Some might say that it's an incredibly derogatory word for someone who is crippled or handicapped. Oh, but no, no, no. In my book a 'crippie' is a slightly less than incredibly derogatory word for a 'crap hippie'. You know the type. Those with prayer flags at their house, or dreadlocks, or incense always burning, or Marley posters up on the walls, or any variety of things that point to their taking on the trappings of what the hippies were in the sixties without actually taking on the doings of the hippies in the sixties. Crippie meccas include places such as San Francisco [The Mission], Humboldt [all...], Nevada City (which I will be covering shortly), and of course the true nexus, Barcelona [El Raval or any random building with squatters]. Oddly enough, I seem to be surrounded by these folks in all my most favorite spots. Perhaps I'm a crippie myself? Not hardly. I'm much more in to doing things that make this world a better place and not feeling like I need to grow out dreads to show it. That and incense gives me the worst headaches in the world.
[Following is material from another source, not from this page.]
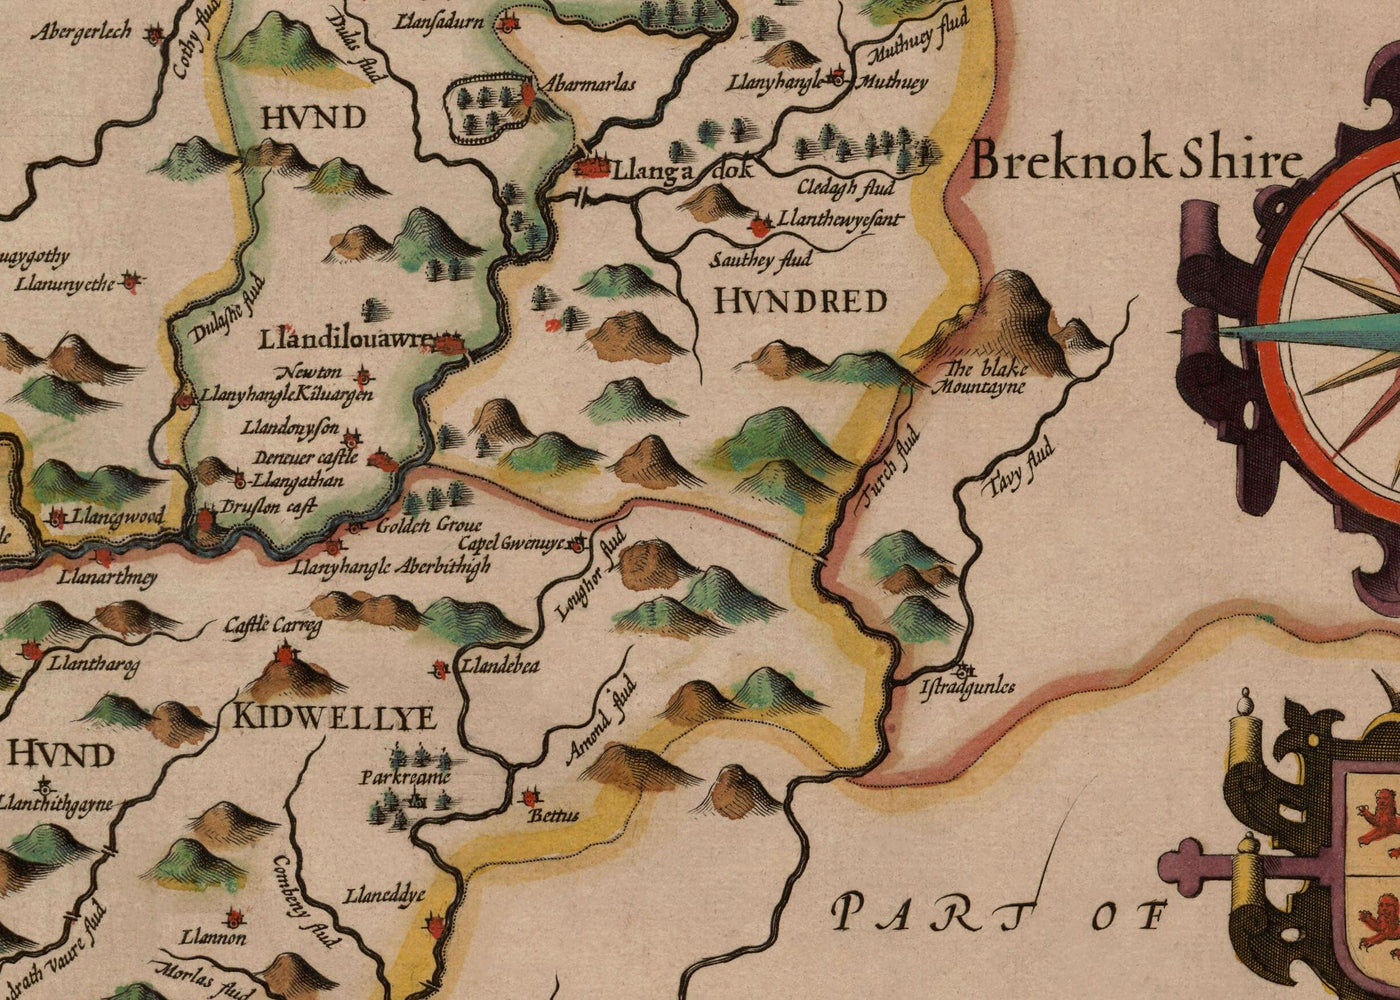 Old Map of Carmarthenshire Wales, 1611 by John Speed - Carmarthen, Llanelli, Llandovery

      We probably all have a crippie in our lives and so now, I give you a name for these folks. Use it if you want. Some of my previous words are better circulated than others, but I'm always out to make the world a place bent around a vocabulary that I've created. Obviously the rest of the world doesn't always think that I'm the bestest sometimes and thusly, praving, kockalocks, and fatcarts are still just part of my own personal vernacular. Someday though, you will hear someone call someone else a crippie and you'll know the source--sarcastic ole me. So What's a Crippie?
I am almost starting to feel bad about putting this guy in Barcelona's pic up all the time, but he just illustrates so many of my points so, so, well... Silly crippie.